Study II
Time-sensitive prehospital breathing emergencies
Exploratory machine-learning study of nonlinear patterns in response time, patient characteristics, and high-risk time-sensitive conditions.
Publication
Hill P, Jonsson D, Lederman J, Bolin P, Vicente V. Uncovering nonlinear patterns in time-sensitive prehospital breathing emergencies: an exploratory machine learning study. BMC Medical Informatics and Decision Making. 2025;25:205.
Study aim
The study examined nonlinear and subgroup-specific patterns in prehospital breathing-problem missions, with particular attention to response time, age, sex, and high-risk time-sensitive conditions.
Analytical approach
The study used retrospective EMS data and an exploratory machine-learning approach to inspect associations and heterogeneity.

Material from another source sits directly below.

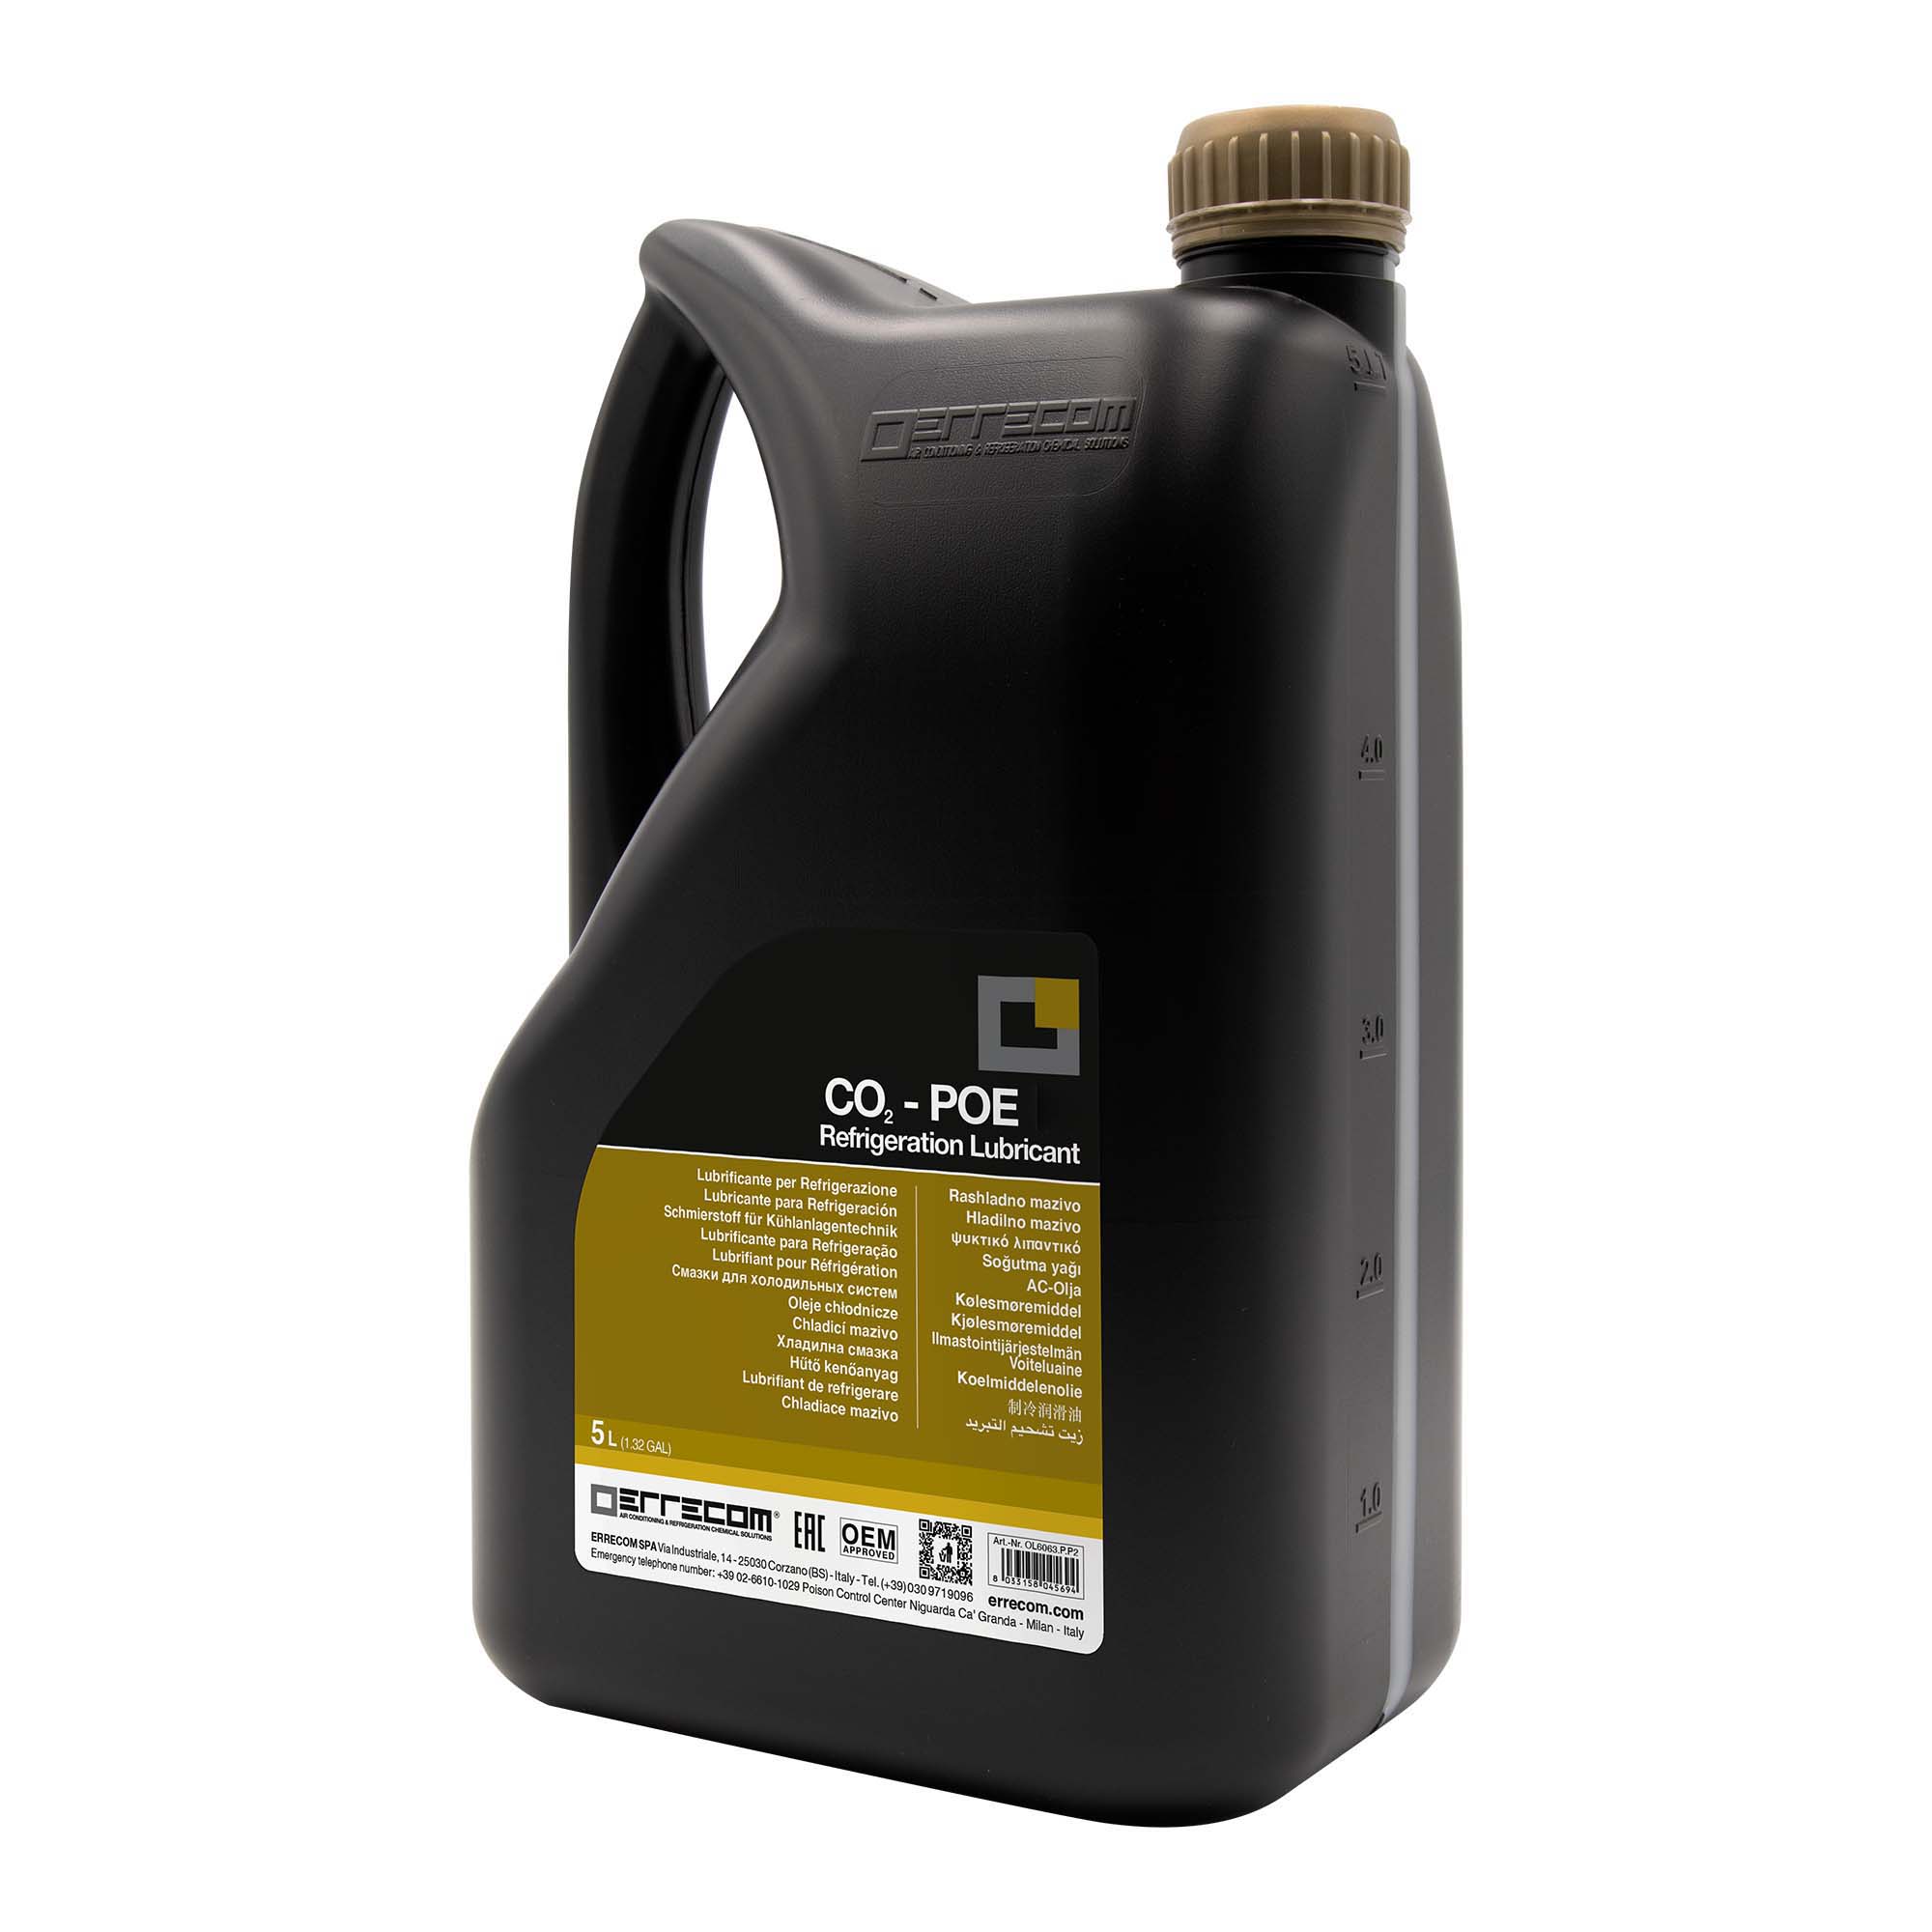 2 x Olio lubrificante Refrigerazione Polyol Estere (POE) specifico per CO2 Errecom 55 - Tanica in Plastica da 5 lt. - Confezione n° 2 pz. (totale 10 litri)

The modelling was used to support interpretation of system patterns, not to make causal or deployment-ready claims.
Patient vulnerability
Breathing-problem missions may include clinically heterogeneous patients with different vulnerability profiles and outcome risks.
Nonlinear patterns
The study investigated patterns that may not be well captured by simple linear assumptions or average response-time summaries.
System interpretation
The findings support a more nuanced view of how response time, patient factors, and clinical urgency interact in EMS data.